Tuesday, May 17, 2011

Talking To Myself

Am I the only one who talks out loud to myself?

I'm not talking the occasional "YES!" in response to finding out the check DID come in the mail. I'm talking a full-blown conversation wherein I ask rhetorical questions of myself and actually answer them.*

Now, even if you do this too, I still think that last sentence qualifies me as a freak.

Anyway, under "normal" circumstances, this wouldn't be a problem. I mean, if I am mumbling in the confines of my own kitchen or closet or bathroom, who is going to call me out on it?**

But, in my middle age, I'm realizing I don't do a really good job stifling that urge to talk to myself when I am in places where people expect me to be talking to another human being when my lips are moving.

And, since spring fever has hit the Nowell casa, it seems my little issue has cranked up to full speed. Let's just say that very few members of this family, animals included, seem to have all their wits about them.

Recently, one of the kids did something so over-the-top redunkulous that I found myself exiting the front door while gesticulating wildly and ranting out loud about giving birth to a child who could think that this behavior would be acceptable.

All this was done within ear shot of my next door neighbor, who I proceeded to act like I didn't see. He then returned the favor by ignoring my crazy ass, but I'm sure went inside and told his wife "She's at it again." Because this wasn't the FIRST time I'd left my front door ranting about a child where neighbor-man and God were my only witnesses.

There is no polite way to excuse your behavior when you've just verbalized that maybe, just maybe, your child needs to be shoved back in the womb to "cook a little more" because, apparently, nine months didn't solidify his brain.

Logistics aside, this seemed like a good idea when I thought it.

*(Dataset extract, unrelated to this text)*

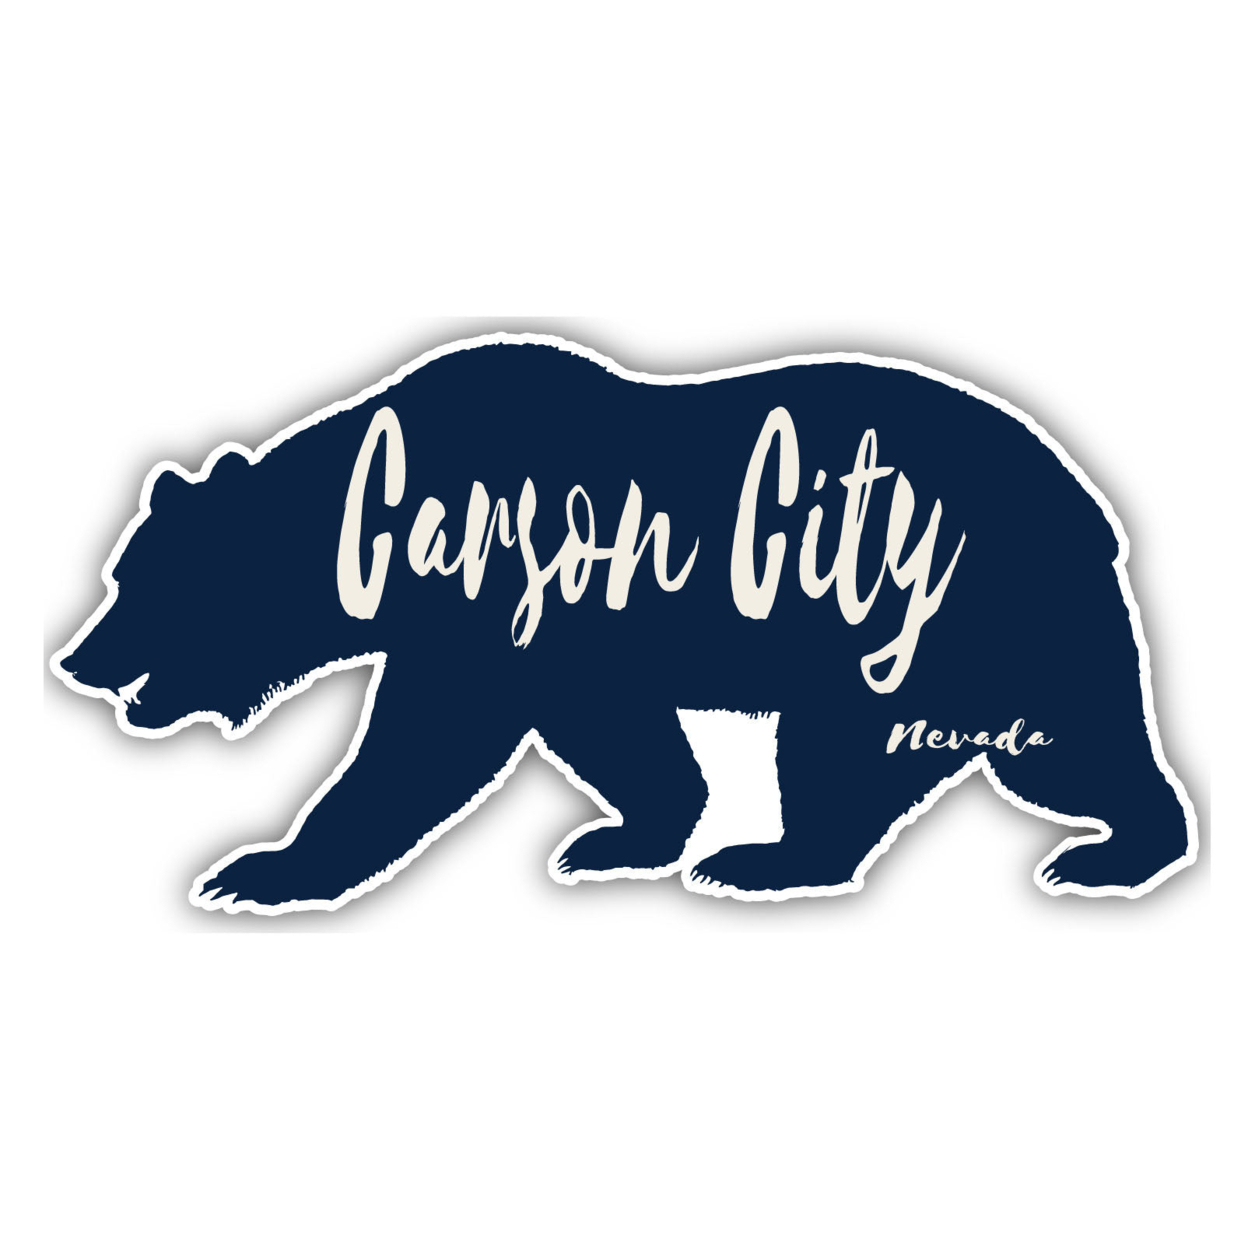 Carson City Nevada Souvenir Decorative Stickers (Choose Theme And Size) - 4-Pack, 2-Inch, Bear

But, in full-blown auditory mode with a neighbor as my witness? Not.so.much.

Going forward, I have to decide if I will a) bite my tongue until I lose the urge to comment b) start spouting pithy commentary about my children entirely in my head or c) exit a different door.

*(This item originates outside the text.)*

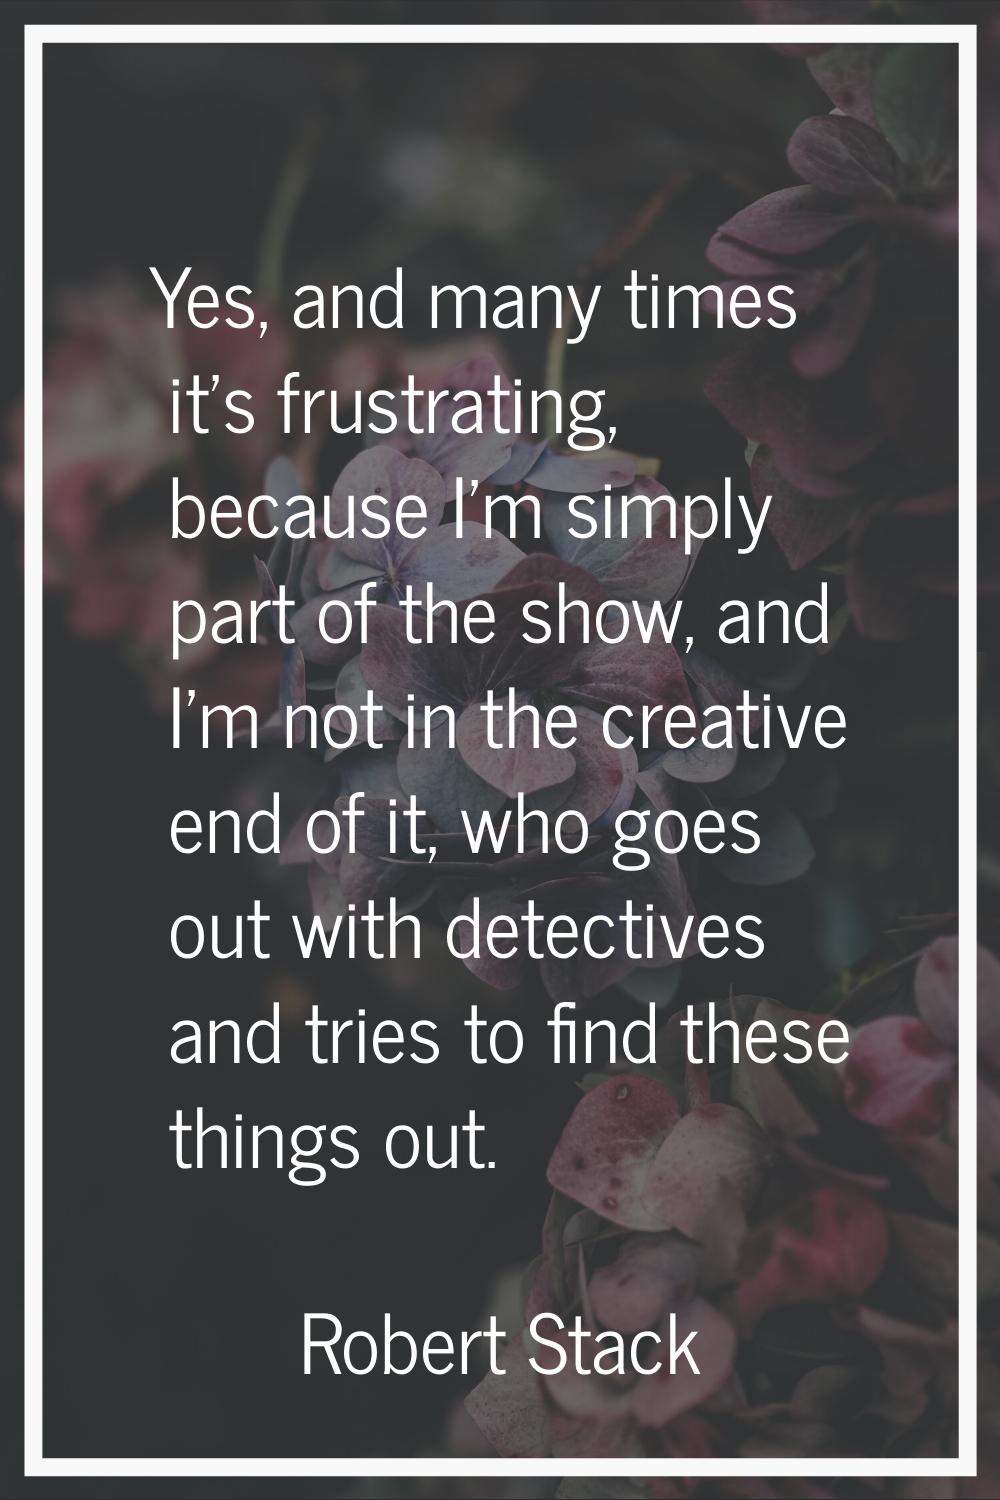 Yes, and many times it's frustrating, because I'm simply part of the show, and I'm not in the creat
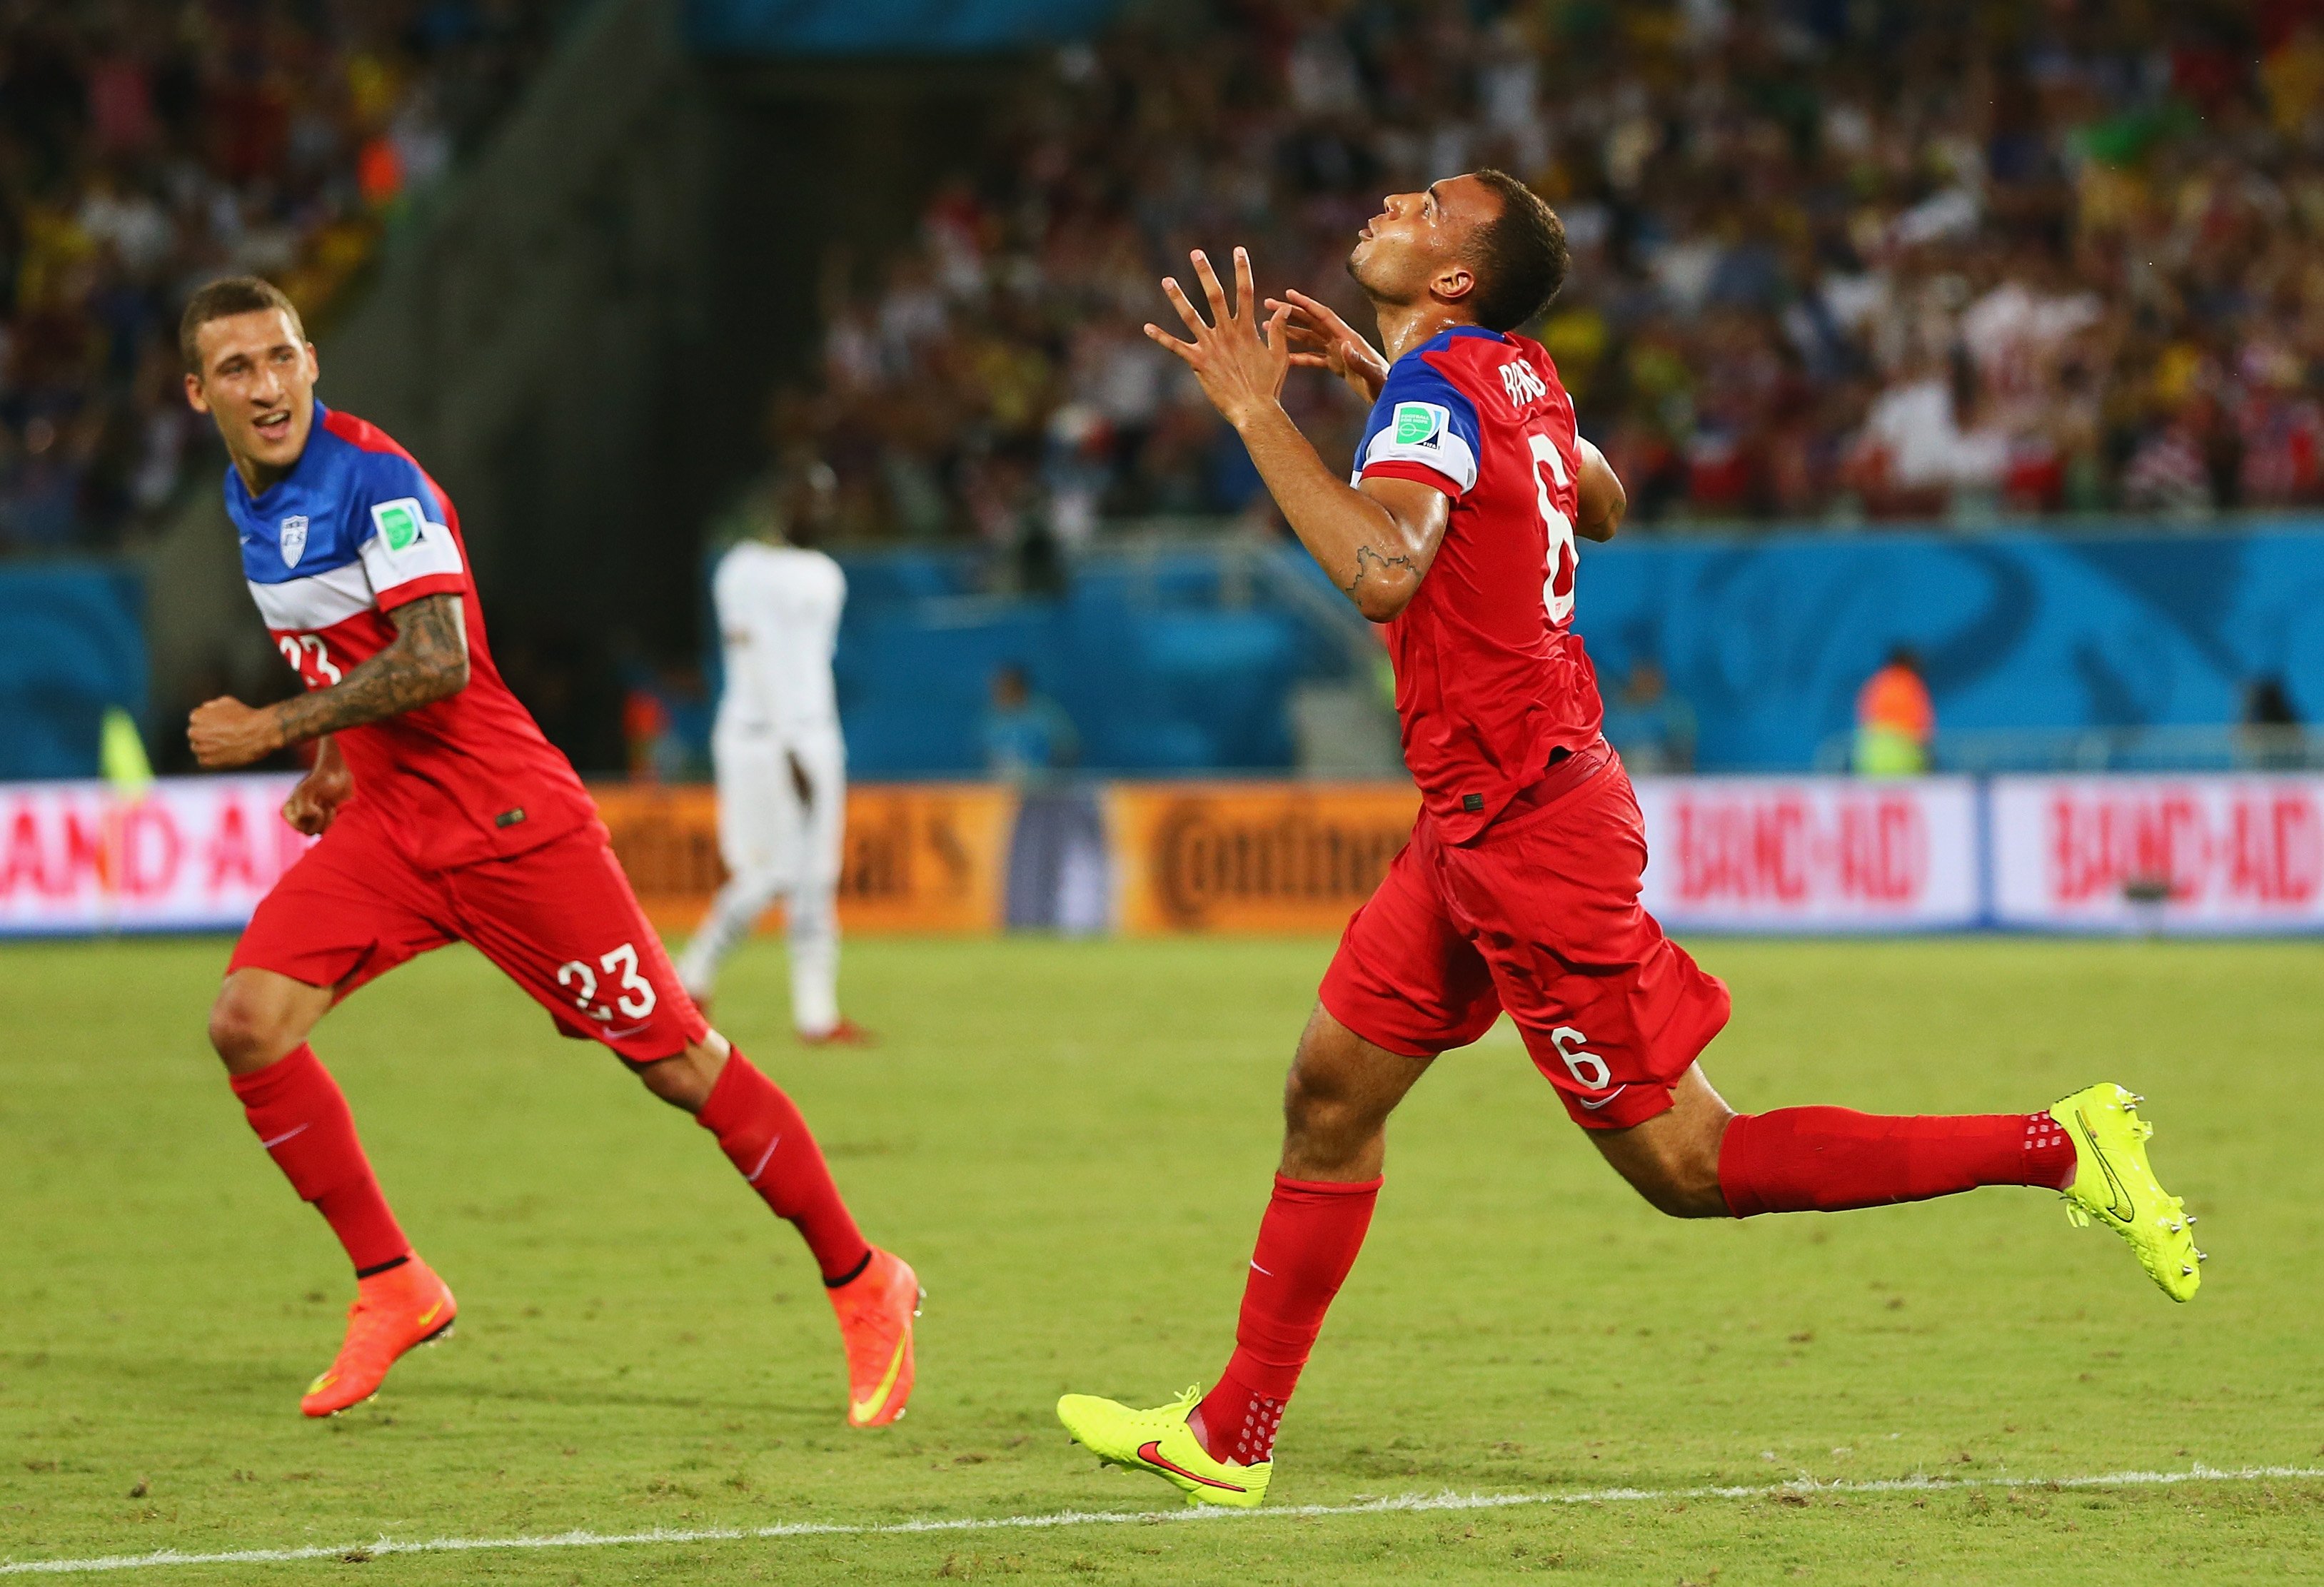 From right: John Brooks of the United States celebrates scoring his team's second goal with Fabian Johnson during the 2014 FIFA World Cup Brazil Group G match between Ghana and the United States at Estadio das Dunas on June 16, 2014 in Natal, Brazil.

One thing's for sure: my neighbor probably wishes there was an alternate door attached to HIS HOUSE so he could walk out and have a sane, mute, non-psychotic Mother of three living next door to him.

With the kid's teenage years right around the corner, where their brains drop to low gear and the phrase "Watch THIS!" is peppered with eye rolling and disgust that they even HAVE parents, coupled with the fact that menopause is knocking at my door, I think we're on the up-ramp to full-on psychoville around here.

So, if you happen to drive by our house/walk out of your house/pass me in the car and see that my lips are moving and I'm the only one present? Let's just count that talking to myself as cheap therapy and a normal part of life for the time being.





*If the question is rhetorical, I should KNOW better than to respond to myself.

**Besides the dogs and cat, that is. Who just look at me like "I know you are telling me what a great pet I am. Could you just insert my name every few words or so? That way I'll be sure to know this is really about me. And not about that stinky butt next to me."